Iran, from Assad’s viewpoint, is not an intruder, but a true ally. Throughout the civil war, the Islamic Republic stood by Syria through thick and thin, supplying it with Shi’ite militia troops from Lebanon, Afghanistan, Iraq and Pakistan that fought – and got killed – in large numbers for Assad, as well as with sorely needed oil and cash.
For most other Arab governments, led by Saudi Arabia, Iran is the strategic arch-enemy. Analysts therefore believe that hopes of driving a wedge between Damascus and Teheran are a major motivation for the Arab return to Syria.
A recent unconfirmed report by Al Arabiya news agency has claimed that Assad intends to fire the commander of the Iranian forces in Syria, Javad Ghaffari. Whatever this report’s accuracy, Israeli analysts believe Assad is growing impatient with Iran’s extensive military activity and bases in his country and the repeated attacks they draw from the Israel Air Force.
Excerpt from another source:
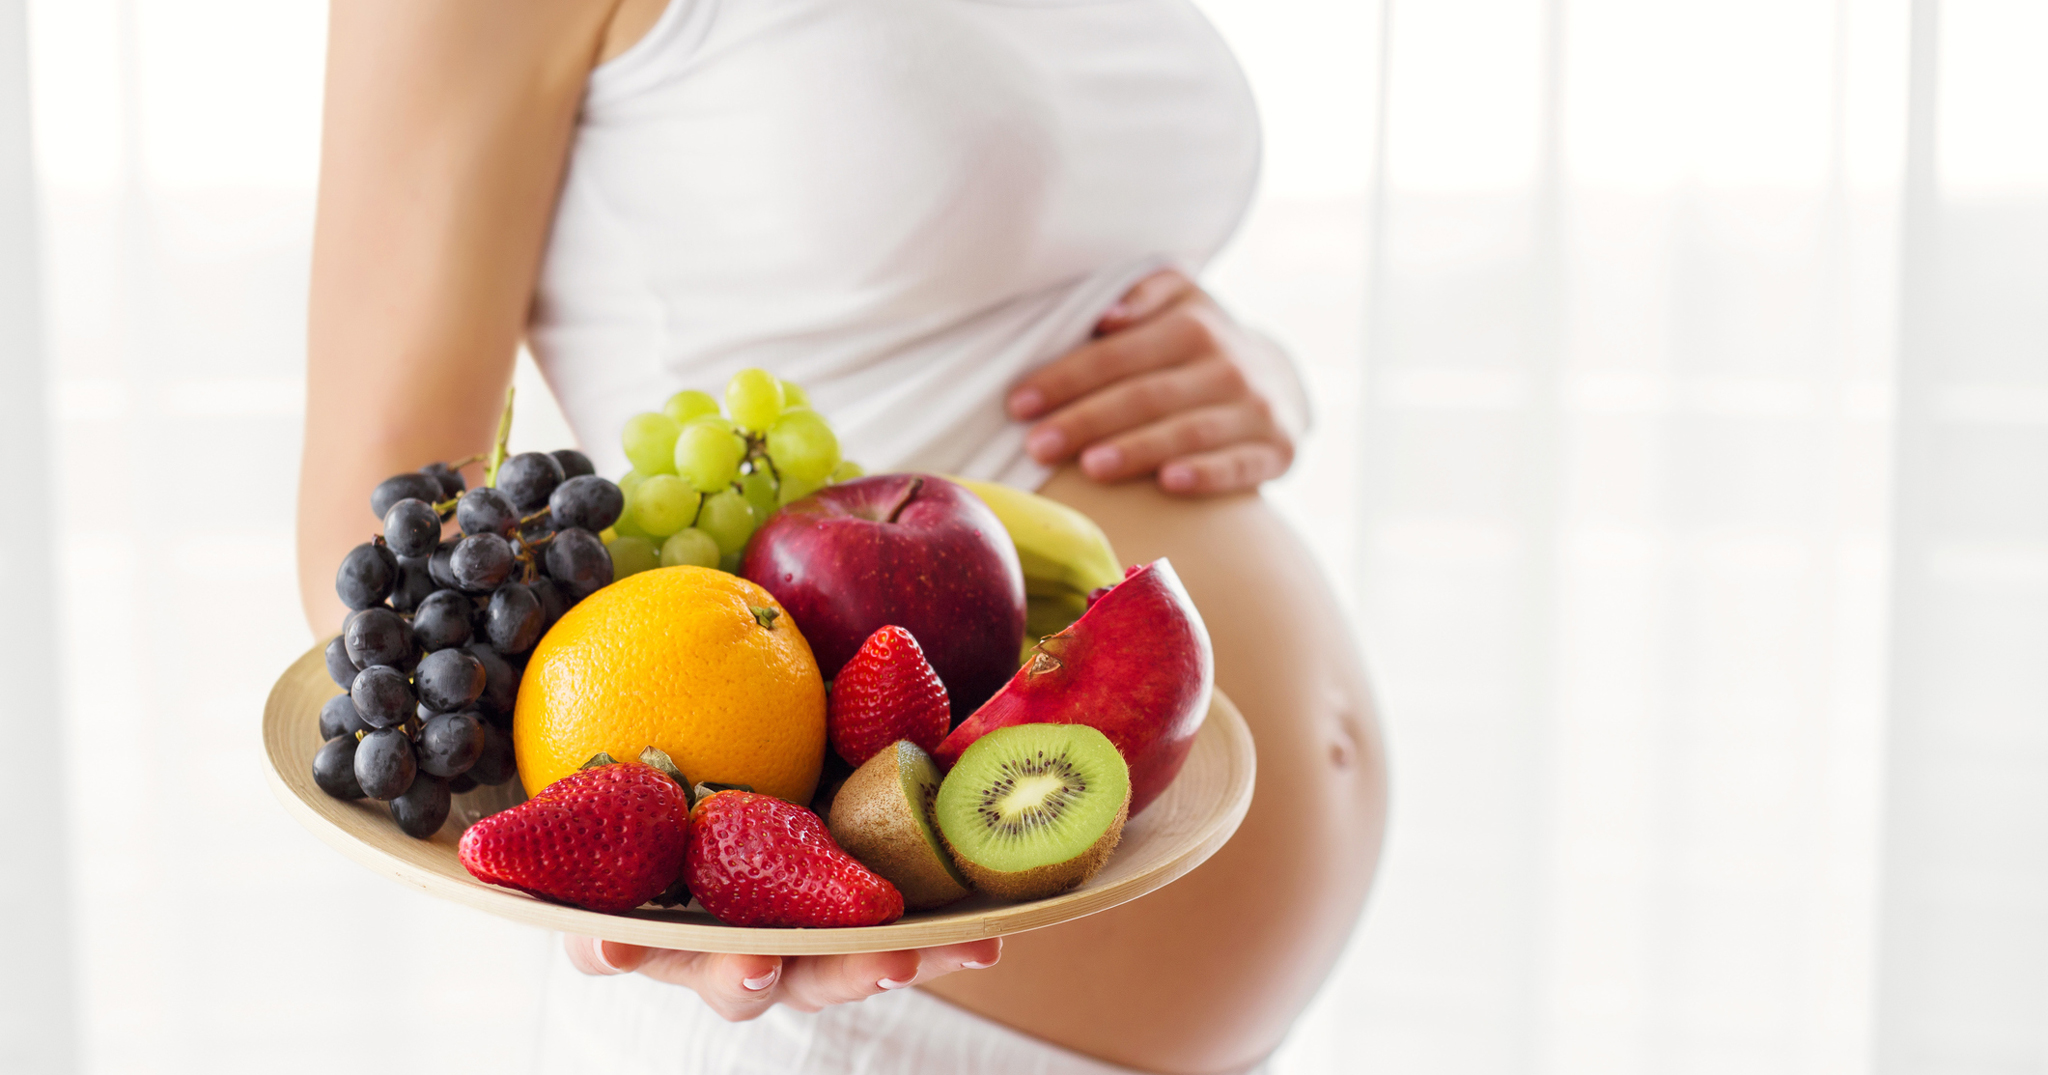 [Khoa học] Ăn trái cây khi mang thai có thể giúp tăng trí thông minh của bé
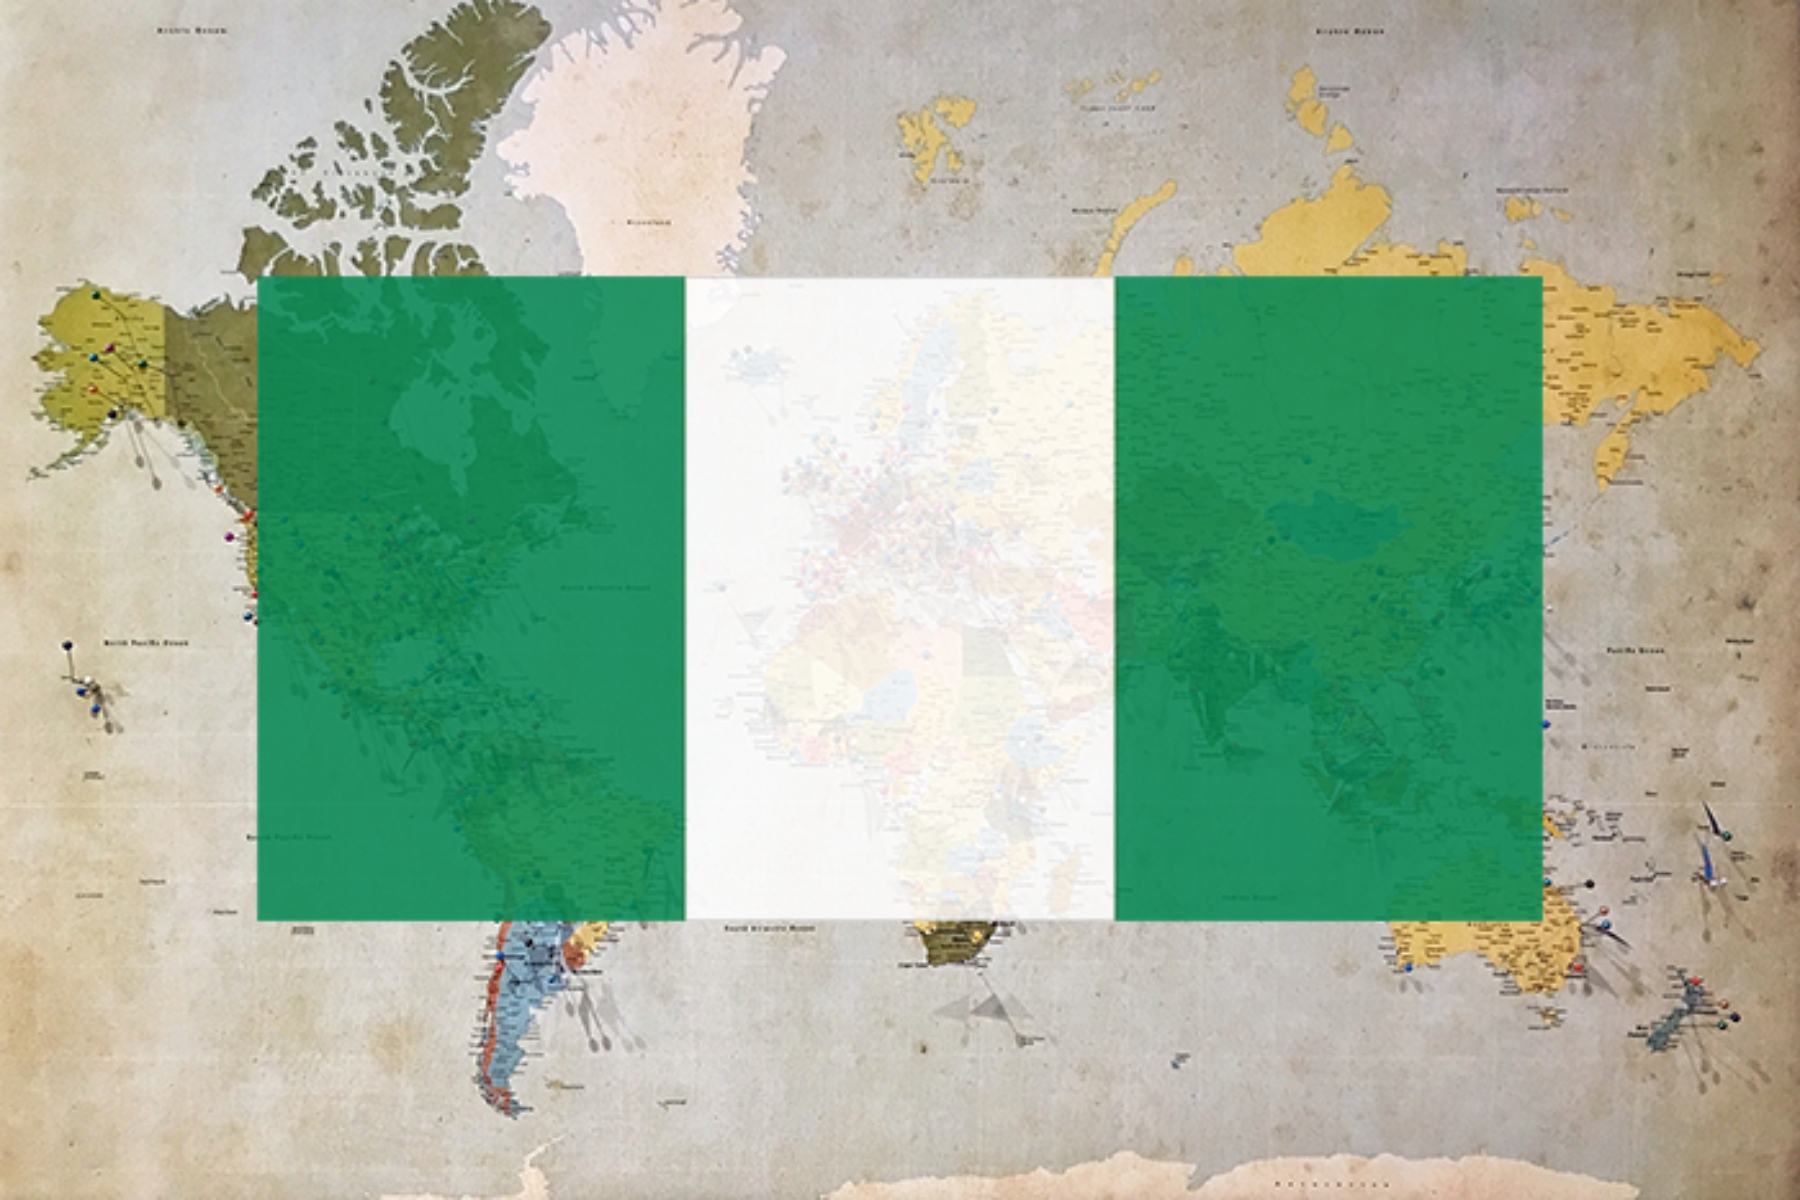 Επείγουσα ανάγκη δράσης της Νιγηρίας για την εξάλειψη των τρανς λιπαρών

This impatience is believed to be shared by Russia as well, a sentiment that may explain Vladimir Putin’s decision to stretch out his first meeting with Israeli Prime Minister Naftali Bennett in Sochi in October from three to more than five hours.
Whatever was discussed there, three days later Israeli jets struck Iranian-backed units in southwestern Syria, opposite Israel’s Golan Heights border, and this has been followed by weeks of increased Israeli attacks on Iranian targets in Syria. It seems Russia had to have been in the know.
The anti-Iranian dynamic became glaring the following month, when Emirati and Bahraini warships joined Israeli and US vessels in a multilateral naval exercise in the Red Sea.
This was an Arab-Israeli show of military harmony that until recently was unthinkable – as unthinkable as a renewed pan-Arab embrace of Bashar Assad and his regime.